Chinese Army's Business Empire: Breaking It Up Is Hard to Do

President Jiang's order is intended to rebalance power, assert leadership, and rout out corruption.

After martial-law troops backed by tanks shot their way into student-occupied Tiananmen Square in 1989, central Beijing looked like an urban battlefield, with burned-out buses and bullet-cratered buildings left as signposts of the Army's advance.

Yet, as if at the eye of a hurricane, two complexes here survived unscathed: the Communist Party headquarters opposite Tiananmen Square, and the nearby five-star Palace Hotel.

The protective force field around the Palace turned out to be the same power that wrought destruction in Beijing: The hotel is one of thousands of flourishing businesses owned by the People's Liberation Army. Yet the ultra- swank hotel, with its marble staircases and gold-plated Rolls-Royce, is under a cloud now that China's leadership has ordered the Army to divest itself of a vast business empire.

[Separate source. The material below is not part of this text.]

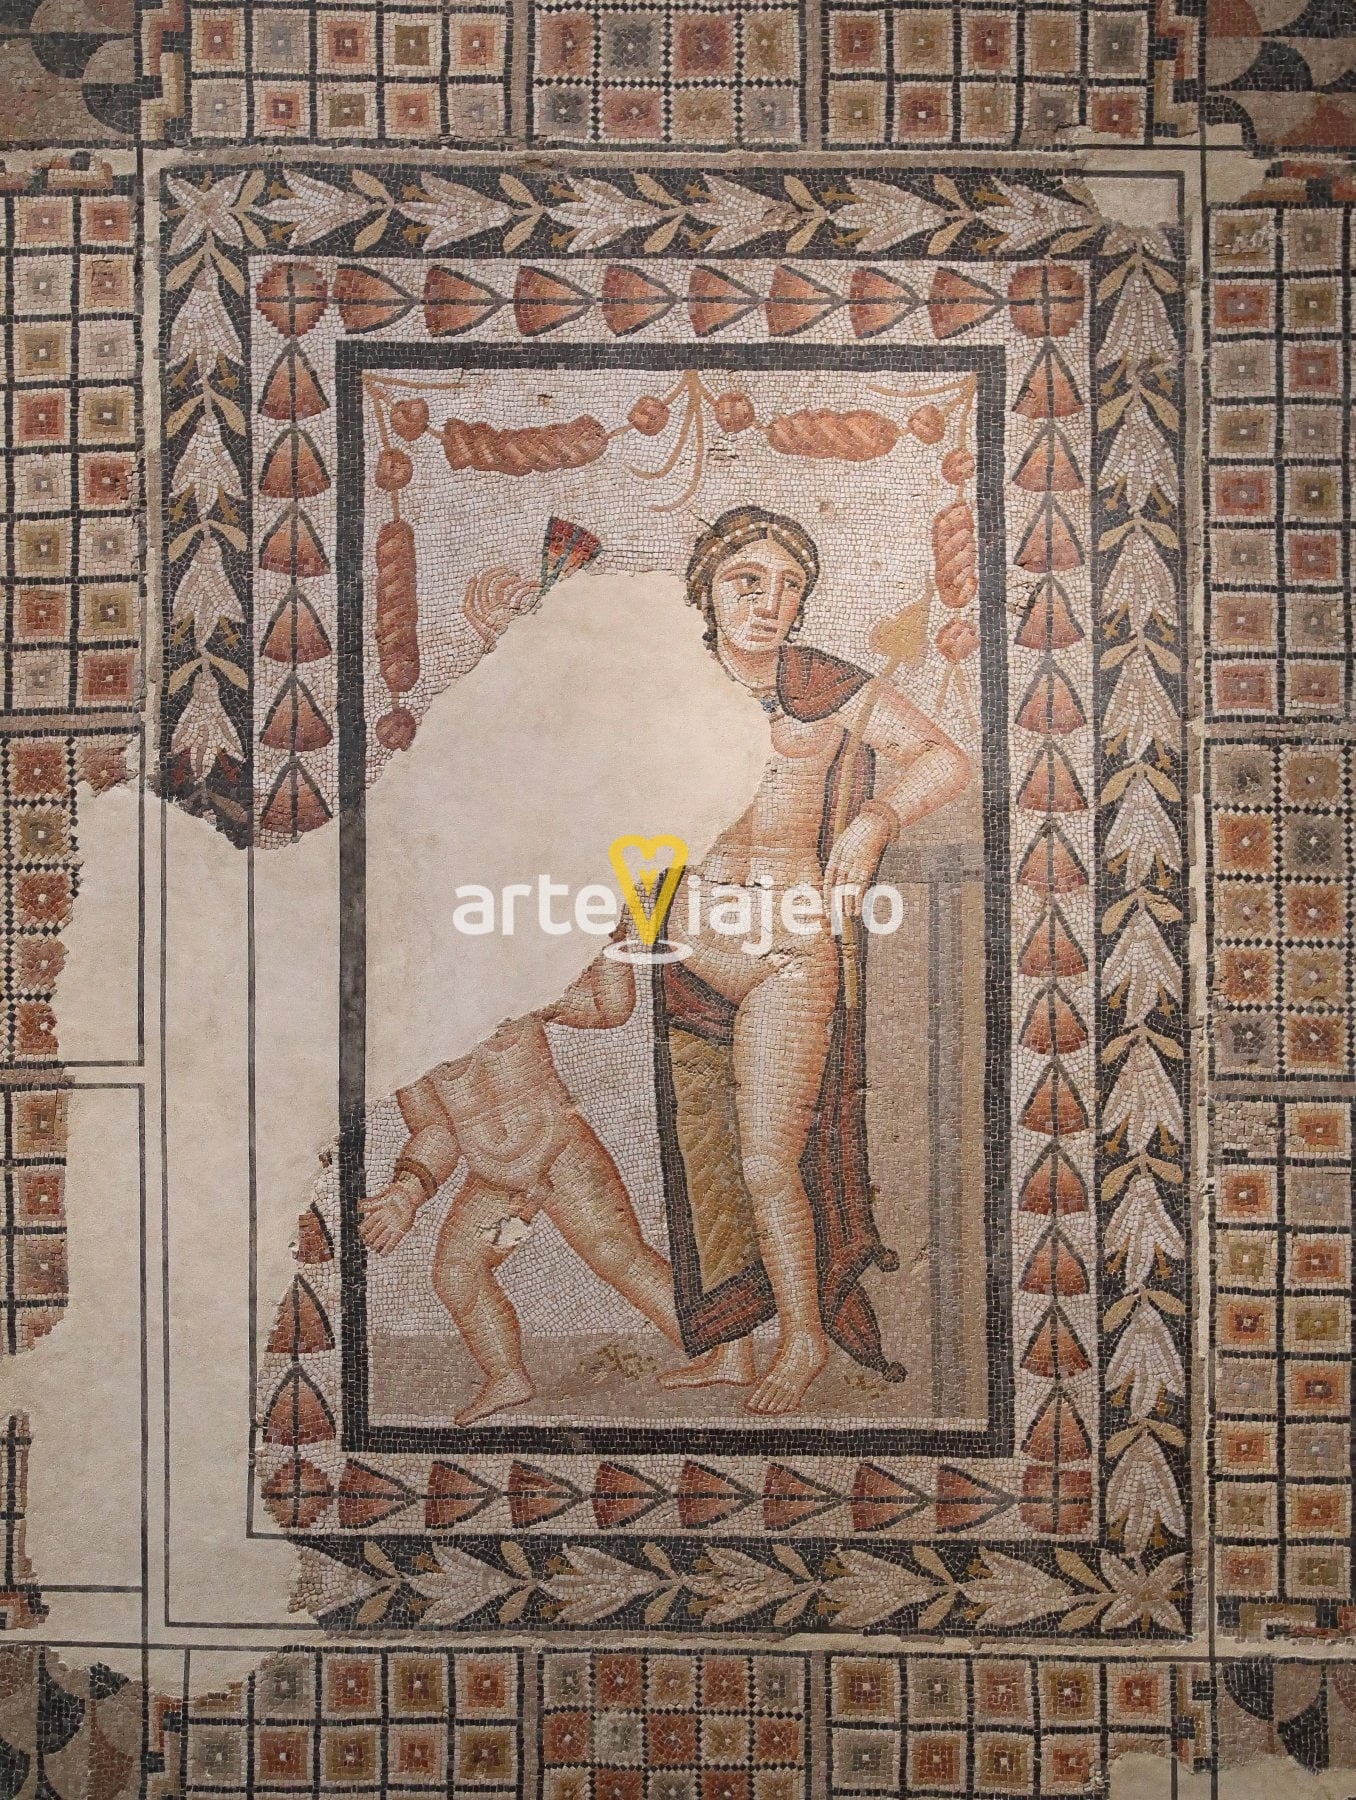 mosaico de venus y eros, villa fortunatus

President Jiang Zemin, the first civilian to head the PLA since the 1949 Communist revolution, recently launched a campaign to strip the Army of its multibillion-dollar commercial operations. But Chinese and American analysts say that Mr. Jiang may be creating a political minefield by confronting the Army, and that he is likely to encounter strong pockets of resistance. "The Army is a very strong political-interest group, and anyone who challenges it faces tremendous risks," says Hu Angang, a researcher at the Chinese Academy of Social Sciences.

The president launched an offensive on the PLA Inc., as many critics call China's entrepreneurial Army, in part to combat a web of corruption entangling growing swaths of soldiers. China's military engages in everything from smuggling to operating discos, from making pirated compact discs to exporting submachine guns to the United States, says a Western official. Shrouded in secrecy, the PLA is believed to own up to 30,000 companies that produce an estimated $6 billion in profits yearly. "Public resentment is mounting against the Army's flexing its power in the business sphere and its being above the law," says the official, who asked not to be identified.

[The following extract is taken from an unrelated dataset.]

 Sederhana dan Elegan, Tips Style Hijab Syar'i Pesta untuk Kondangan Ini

Yet many Chinese were shocked when Jiang, flanked by the military's high command, publicly accused unnamed Army officers, along with members of the judiciary, police, and paramilitary, of aiding or shielding massive smuggling rings. Jiang, who rose to power through the bureaucracy rather than on the battlefield, "has been courting the PLA for years," says the Western official. "Because Jiang relies on the Army to rule China and has no military experience, many analysts believed he would pretty much let the PLA do whatever it wanted."

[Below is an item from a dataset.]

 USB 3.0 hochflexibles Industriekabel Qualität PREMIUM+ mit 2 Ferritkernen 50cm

Researcher Hu, who several years ago presented a five-point anticorruption plan to the leadership, says he was surprised that most elements of the plan have since been adopted. Jiang has been wise to use national television and the state-run press to publicize the campaign, Hu says. "There is great public support for the anticorruption drive, and that could help convince the army to follow the [divestment] orders."

Yet Jiang, who also heads the 58 million-strong Communist Party, faces a tough battle in trying to end military involvement in high-profit businesses, according to Tai Ming Cheung, a scholar in Hong Kong who is writing a book on the subject. "This will be a massive undertaking" that is unlikely to completely succeed, he says. Other experts say the PLA has carefully hidden parts of its extensive network, even from political authorities in Beijing, and the Army is likely to attempt to play a massive shell game if party police search for banned businesses.

While most of the Army's investments are believed to be in legitimate businesses, some PLA entrepreneurs "shove out commercial competitors" by using "Mafia-like tactics and elements of violence," says David Shambaugh of the Sigur Center for Asian studies at George Washington University in Washington, D.C. Hu says Jiang's clampdown is part of a wide-ranging "political-stabilization drive" that includes cutting the government bureaucracy, reducing the state's role in the economy, and banning party leaders from operating companies.

Structural reforms are aimed at creating efficient and clean institutions to govern the country, says Hu, who compares China's current changes to the decades after the American Revolution, when the founders of the US helped shape a new governing order.

Yet in seeking to transform simultaneously the economy, the government, and the military, Jiang and his pro-reform allies may be moving on too many fronts at once, says Michael Swaine, an expert on the Chinese Army at the RAND think tank in Santa Monica, Calif. "Jiang wants to place his stamp on the Army" 1-1/2 years after the death of his mentor, Deng Xiaoping, Mr. Swaine says. His moves are not just part of an anticorruption drive, but also "a bold and risky challenge to assert civilian leadership over the Army." The president wants to remove real and potential rivals from the Army's ranks while replacing them with his own protgs. "Jiang is making a power play, and you can expect a great deal of resistance," Swaine adds.